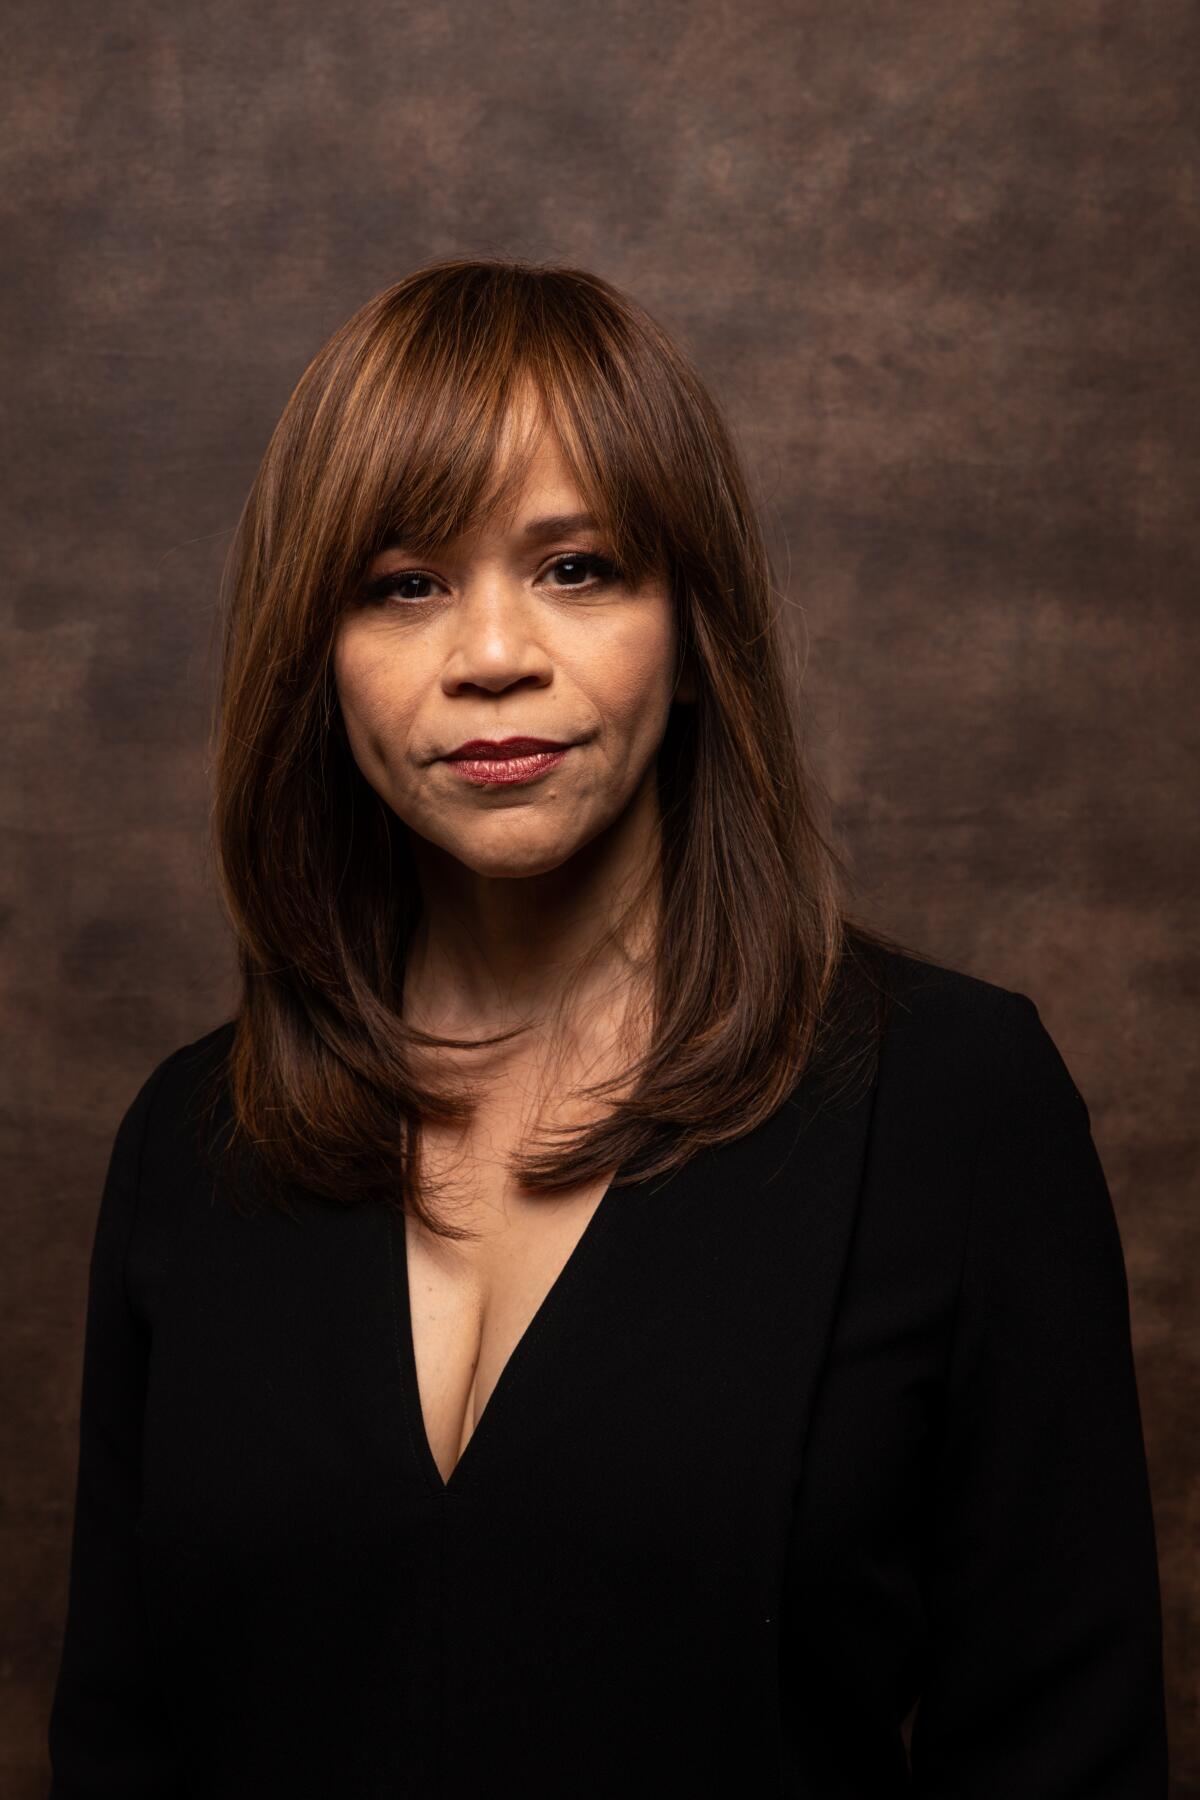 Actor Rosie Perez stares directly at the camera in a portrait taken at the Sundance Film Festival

* * *

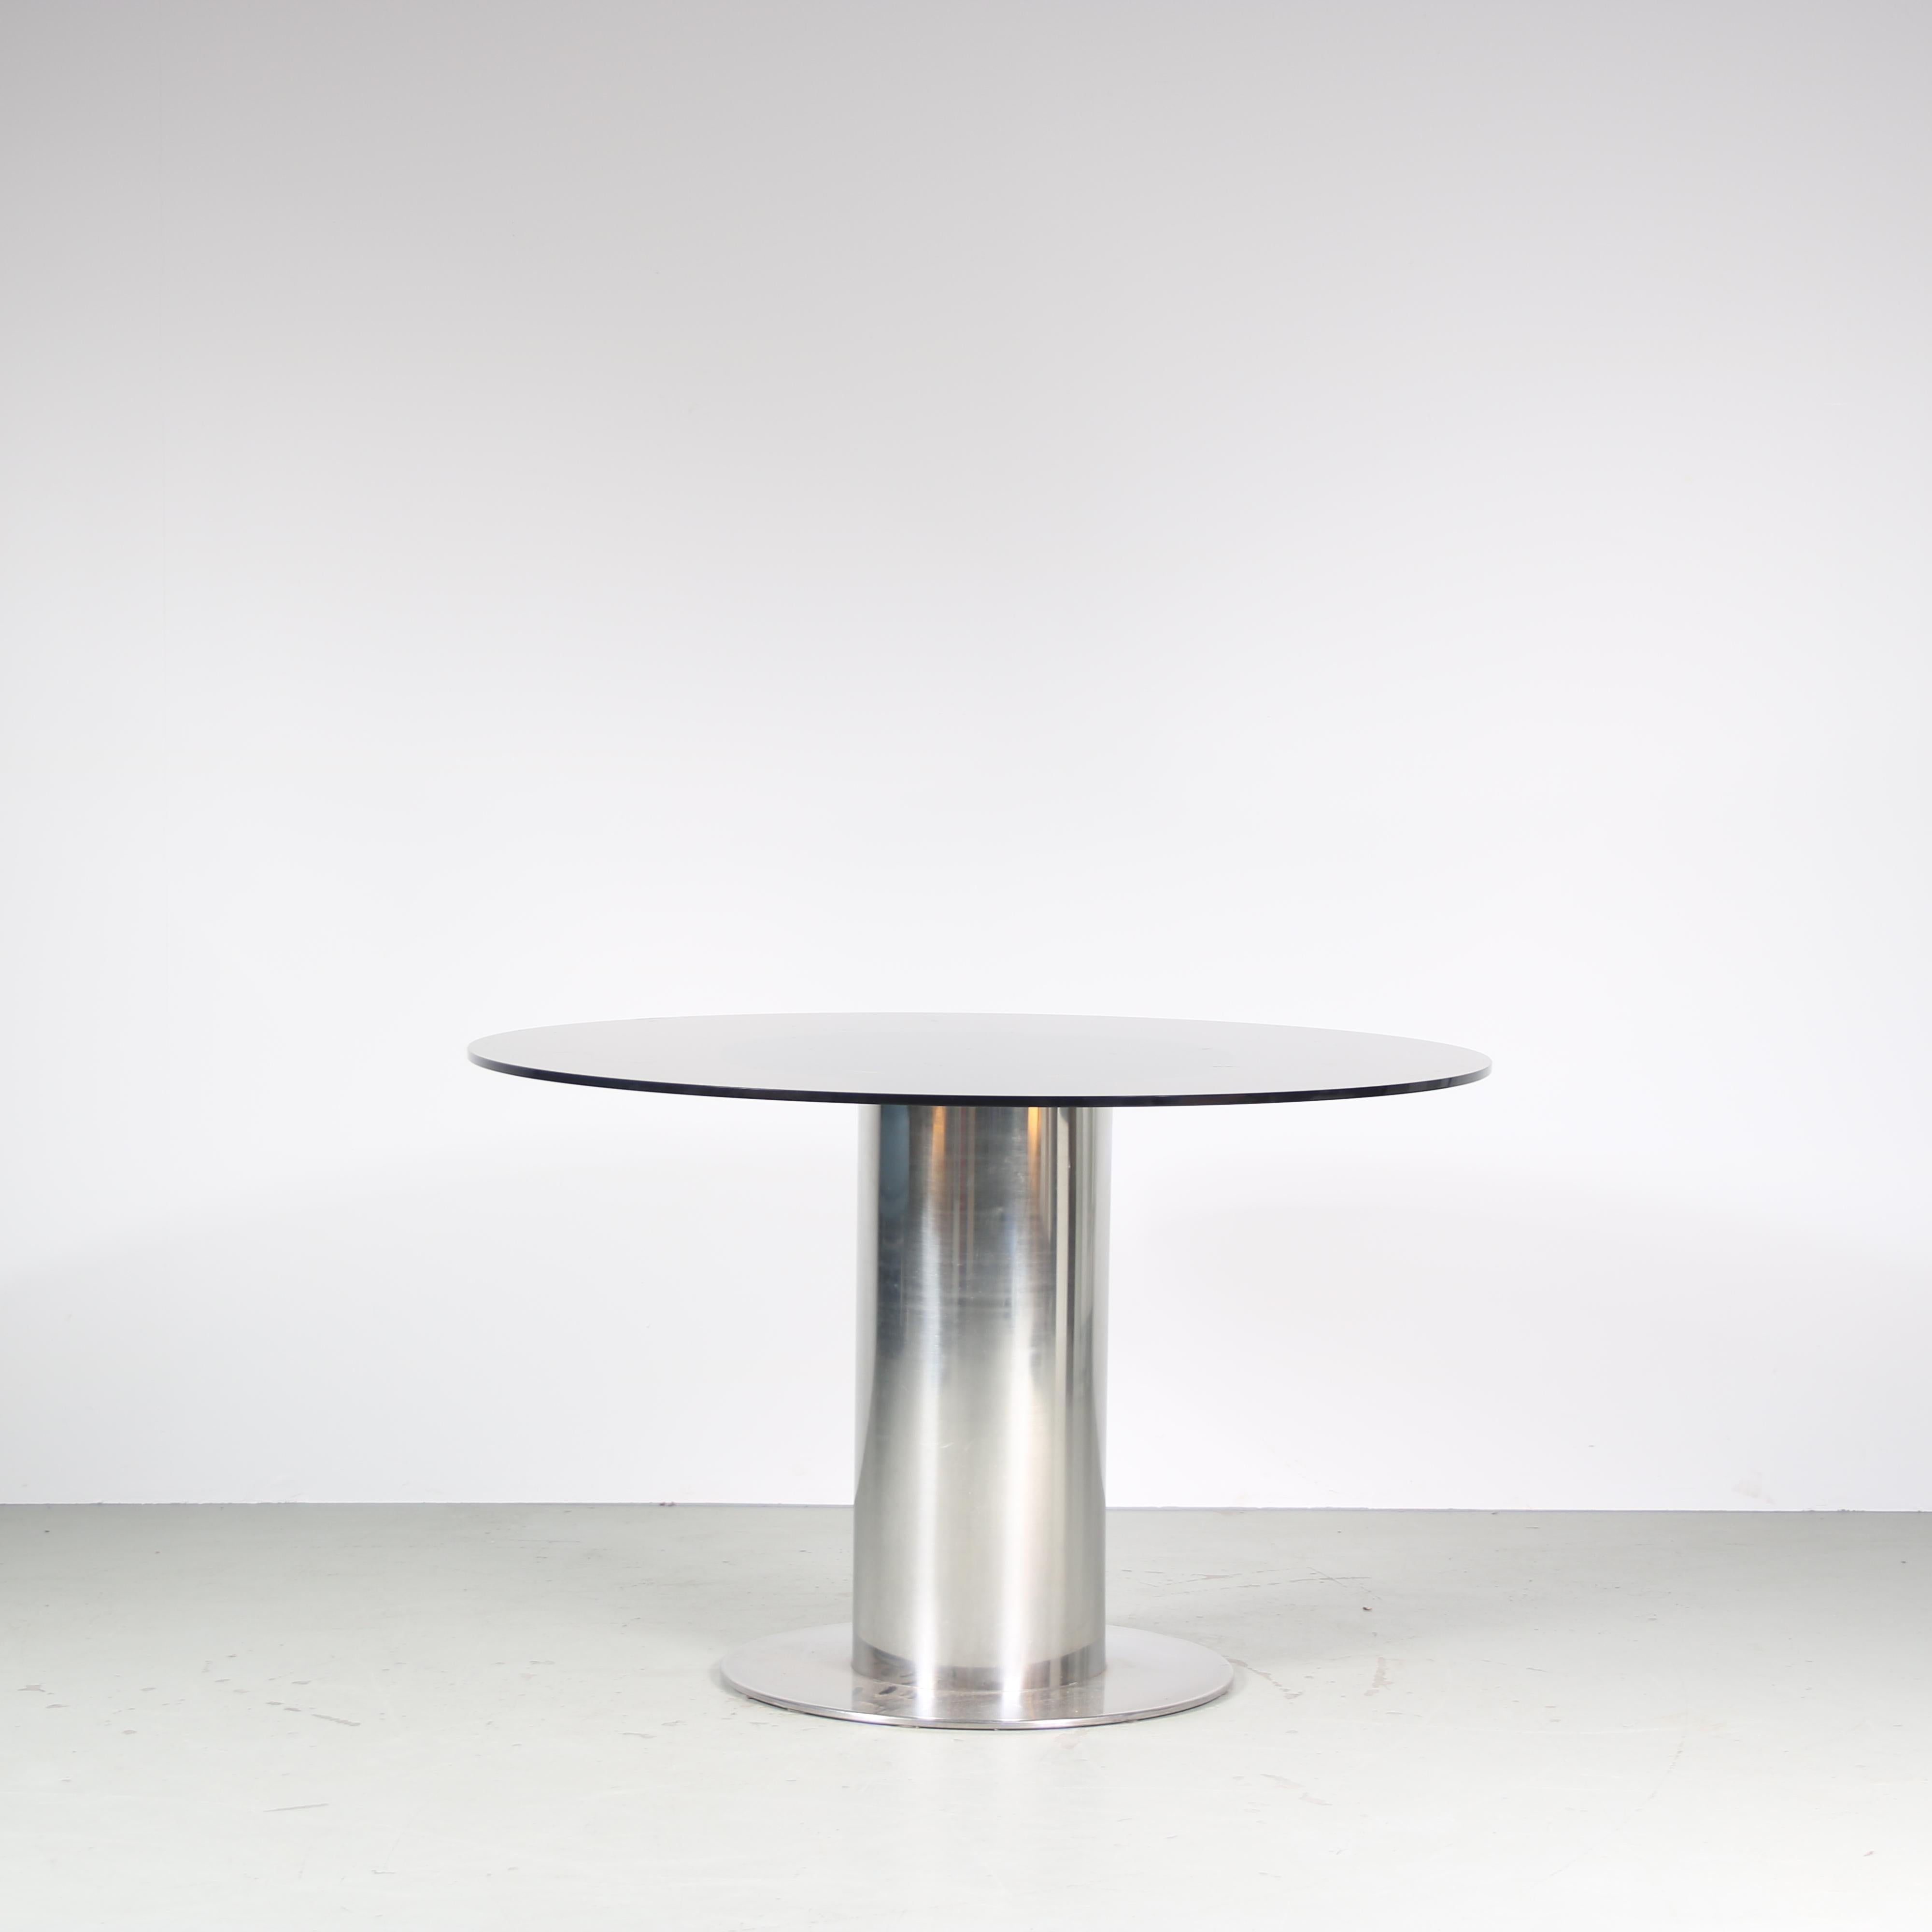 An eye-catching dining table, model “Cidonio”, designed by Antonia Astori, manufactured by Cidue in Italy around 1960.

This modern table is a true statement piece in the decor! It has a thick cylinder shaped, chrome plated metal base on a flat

* _EXERCISE_
Begin at the line in the entries above that has "An eye-catching dining", stop after the line that has "This modern table", and output exactly those lines without pictures.

* _RESULT FOR THIS TASK_
 An eye-catching dining table, model “Cidonio”, designed by Antonia Astori, manufactured by Cidue in Italy around 1960.

This modern table is a true statement piece in the decor! It has a thick cylinder shaped, chrome plated metal base on a flat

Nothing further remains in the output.